Author and Contributors

Author and Maintainer: Marek Gagolewski

Contributors: Maciej Bartoszuk, Anna Cena (R packages genie /genieclust's predecessor/ and CVI /some internal cluster validity measures/), Peter M. Larsen (an implementation of the shortest augmenting path algorithm for the rectangular assignment problem which we use for computing the normalised accuracy and pair sets index).
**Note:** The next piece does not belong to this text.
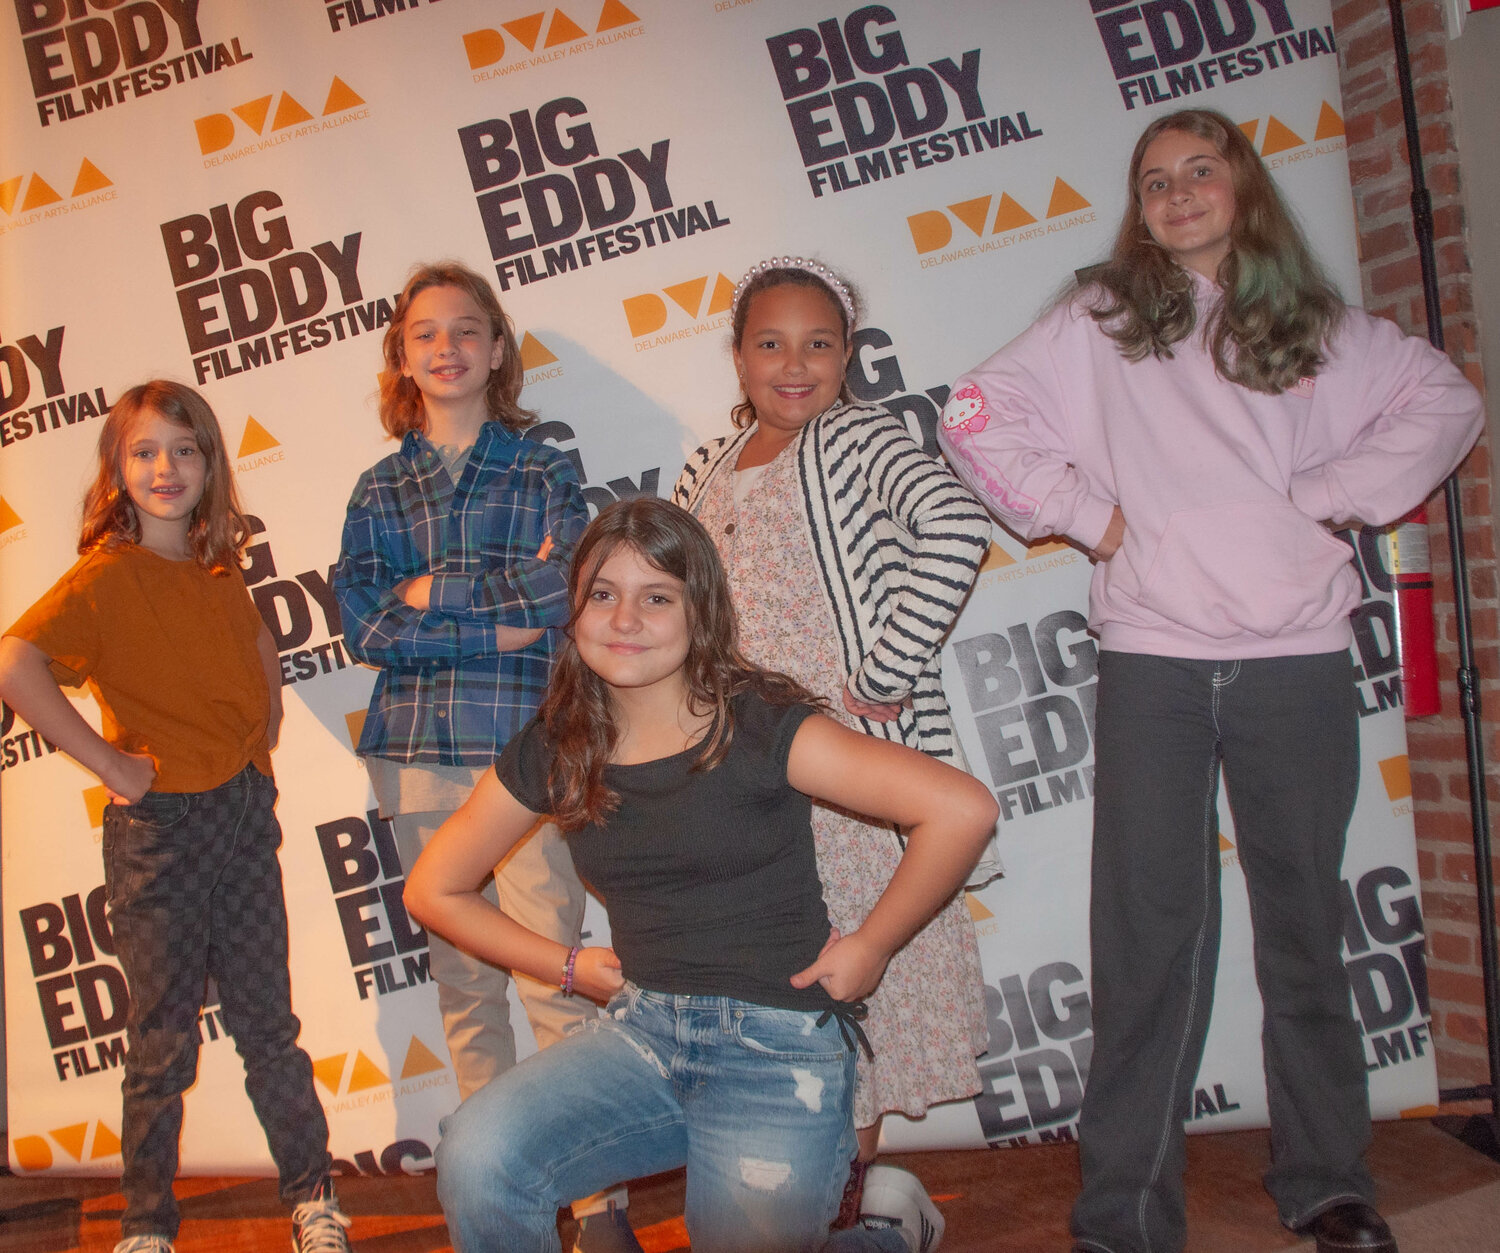 I could see the joy reflected in the faces of young filmmakers Alice, left; Emmett; Victoria; Emily; and Polly at last week's screening of shorts presented as part of the Big Eddy Film Festival.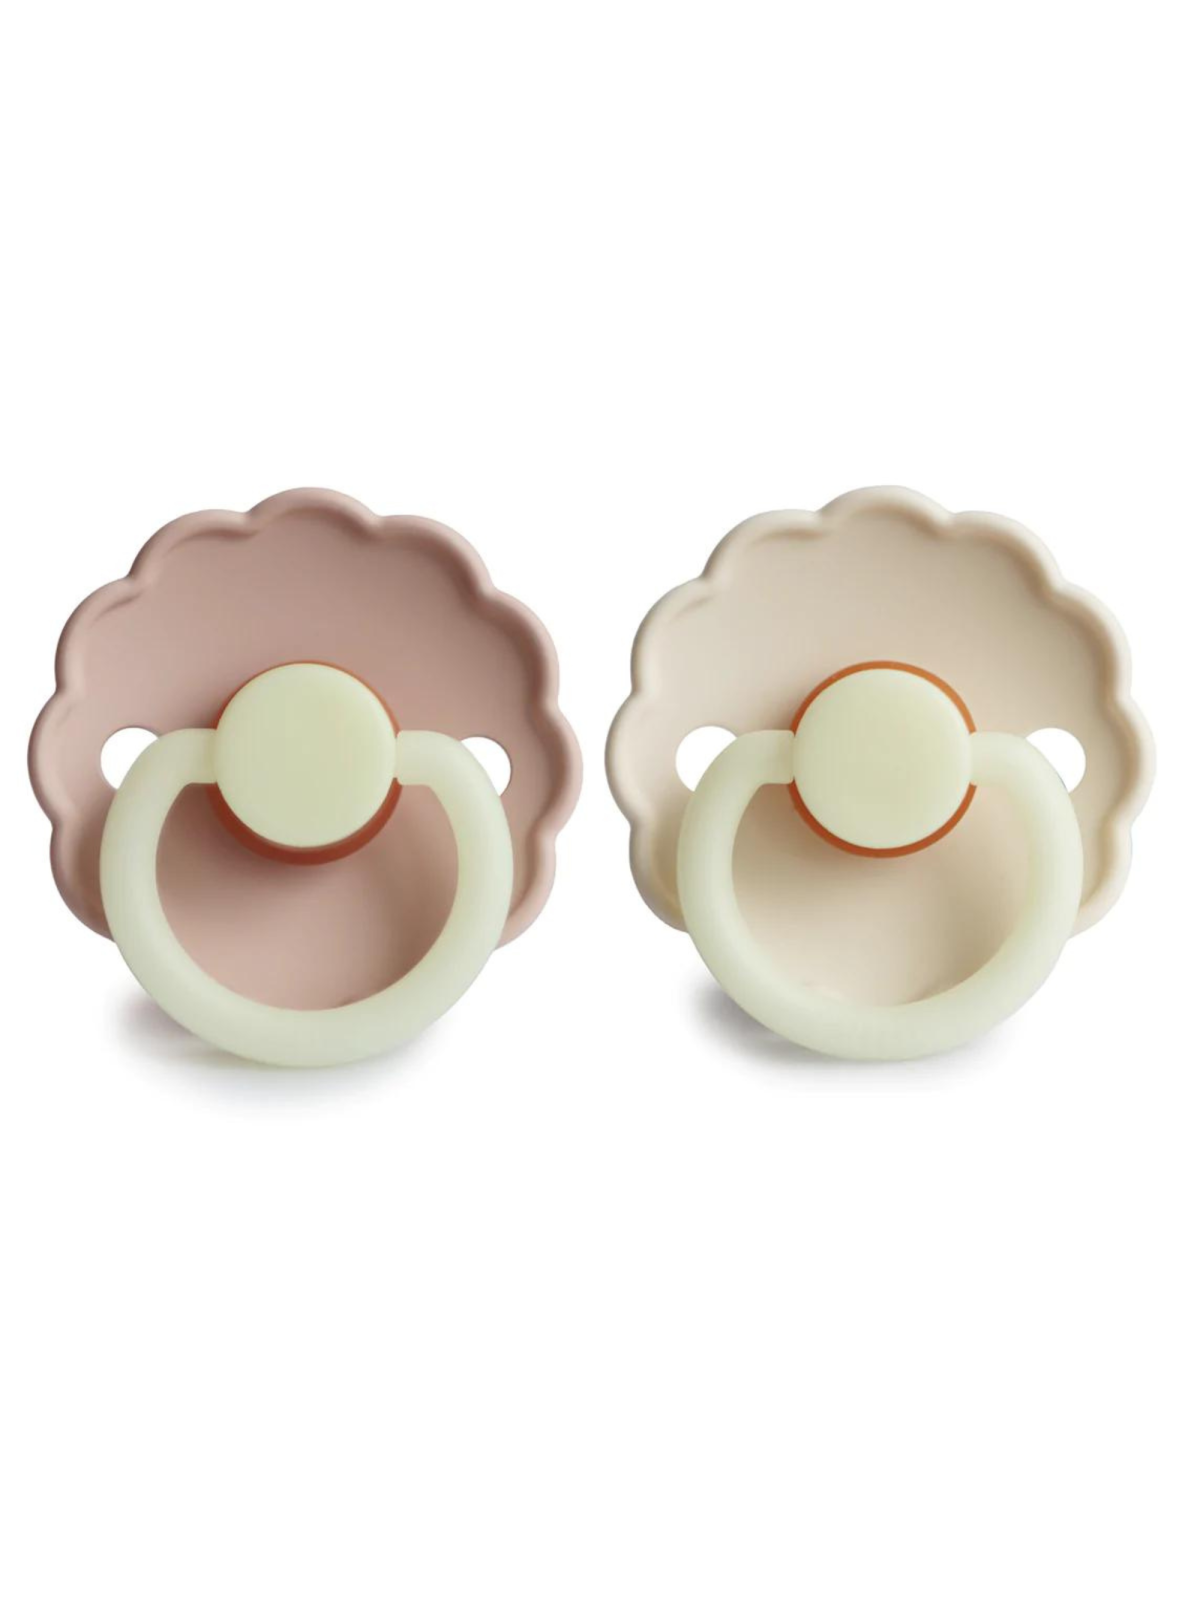 Daisy Night Natural Rubber Pacifier 2-Pack, Blush / Cream

Python and R Package Features

The implemented algorithms include:

  • Genie++ – a reimplementation of the original Genie algorithm (Gagolewski et al., 2016); much faster than the original one; supports approximate disconnected MSTs;

  • Genie+HDBSCAN* – a robustified (Geniefied) retake on the HDBSCAN* (Campello et al., 2015) method that detects noise points in data and outputs clusters of predefined sizes;

  • (Python only, experimental preview) Genie+Ic (GIc) – Cena's (2018) algorithm to minimise the information theoretic criterion discussed by Mueller et al. (2012).

See classes genieclust.Genie and genieclust.GIc (in Python) or functions gclust() and genieclust() (in R).

Other features:

  • inequality measures: the normalised Gini, Bonferroni, and De Vergottini indices;

  • external cluster validity measures: adjusted asymmetric accuracy and partition similarity scores such as normalised accuracy, pair sets index (PSI), adjusted&unadjusted Rand, adjusted&unadjusted Fowlkes-Mallows (FM), adjusted&normalised&unadjusted mutual information (MI) indices;

  • internal cluster validity measures: the Caliński-Harabasz, Silhouette, Ball-Hall, Davies-Bouldin, generalised Dunn indices, etc.;

  • (Python only) Union-find (disjoint sets) data structures (with extensions);

  • (Python only) Some R-like plotting functions.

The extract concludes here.